Each Responsible Manager should record in electronic format details of certain potential conflicts that may arise as a result of Cashel’s involvement in mandates or deals or entering into research agreements, mandates, where Cashel is approached by a client to assist in an acquisition or sale, market sounding, valuation, placements or book builds. Whenever Cashel agrees to act, submits a request for proposal or enters a confidentiality agreement with a client, a reportable potential conflict may arise requiring the creation of a conflict entry.

3.8 Assessment and Evaluation process

When a conflict of interest is identified it must be assessed and evaluated to determine the appropriate response. This policy is a consequence based policy. This means that conflicts are assessed and evaluated on the basis of the consequences that could flow from a conflict. Under this Policy, conflicts are rated into the three categories set out below. In order to determine which rating applies to a conflict, it is necessary to identify:

• the consequences that could follow from that conflict of interest; and

• the probability of each consequence occurring.

3.9 Rating of conflict of interest

Conflicts of interest are to be rated into one of three categories: The Compliance Manager will provide management guidance to assess conflicts.


(1) Serious Conflict (SC) which is to be avoided:

There is an actual, apparent or potential conflict of interest that in the reasonable opinion of the relevant Responsible Manager could (and is likely to) result in:


• an extreme consequence i.e. significant breach of the Corporations Act or legislation in any other jurisdiction, breach notification to ASIC or ASX or any other regulator, AFSL suspension, reputational damage to Cashel, termination of employment of the representative involved ;


• have a significant disadvantageous consequence for another person having regard to the objectives of this Policy; or

• result in a breach of this Policy.


(2) Manageable Conflict

There is actual, apparent or potential conflict of interest that in the reasonable opinion of the relevant Responsible Manager;  

• could but is unlikely to result in an extreme consequence;

• could result in a Serious Conflict;

• is not a Serious Conflict and should be a Manageable Conflict having regard to the objectives of the Policy and the potential consequences of the conflict of interest; or

• would result in a minor or technical breach of the Policy.


(3) Low Conflict (LC):

No conflict of interest or an insignificant conflict of interest exists as assessed by the Responsible Manager and the Compliance Manager.

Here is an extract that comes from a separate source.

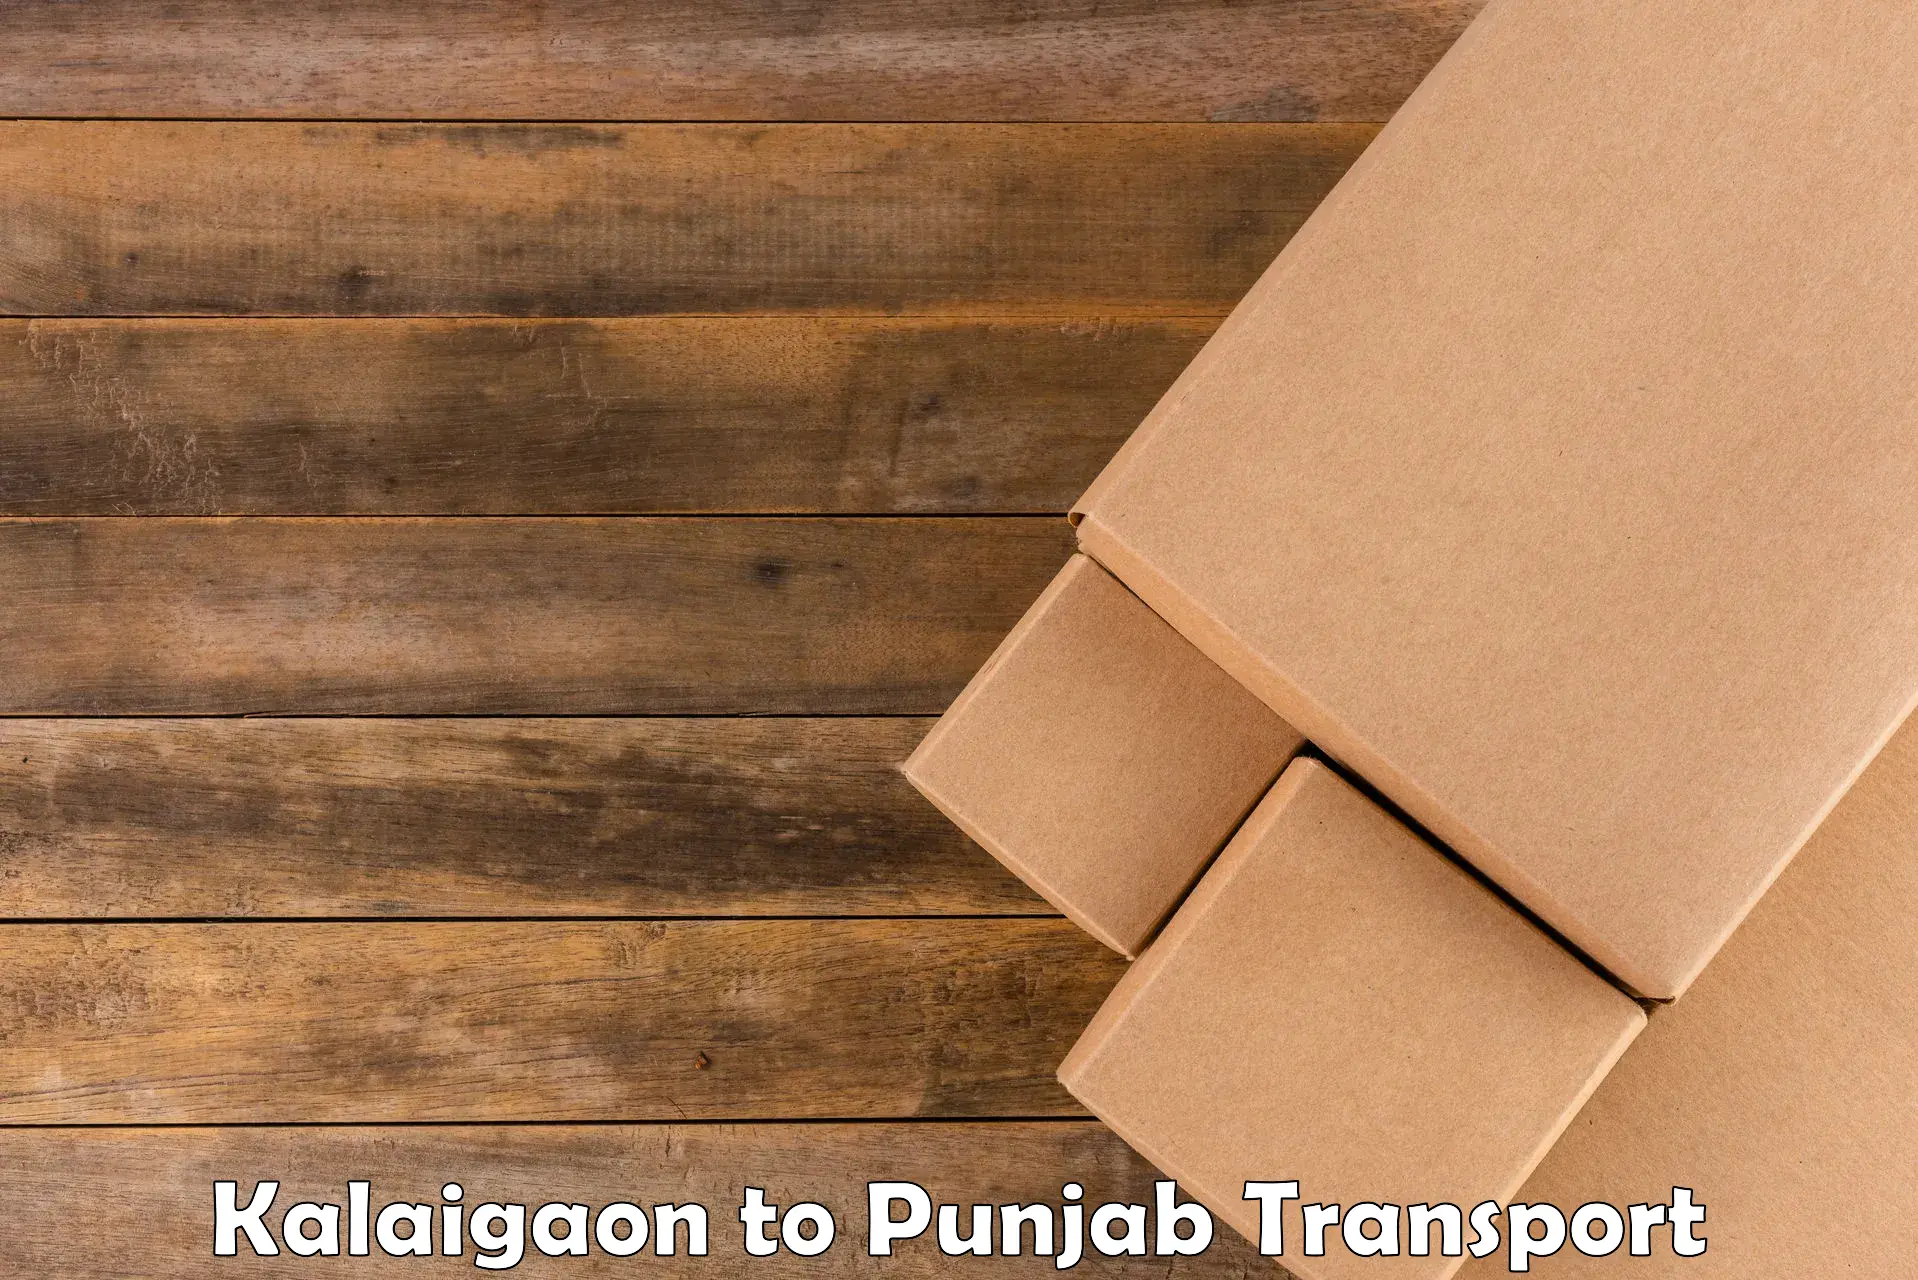 Air cargo transport services Kalaigaon to Sangrur

3.10 Disclosure in the provision of Financial Services

Cashel must make appropriate disclosures to affected clients as part of its arrangements to manage conflicts of interest. Cashel Representatives must ensure that clients are adequately informed about any conflicts of interest that may affect the provision of Financial Services to them. The Compliance Manager will provide a script for use to guide how clients are informed.

3.10.1 General Disclosure requirements

All Financial Product Advice (including reports and ratings publications) provided by Cashel should contain or be accompanied by all information that a reasonable person might or should take into account in assessing that Financial Product Advice. The information should include details of any factors that could influence the client’s decision. The client should be placed in a position where they can objectively assess the value to them of the Financial Product Advice they receive.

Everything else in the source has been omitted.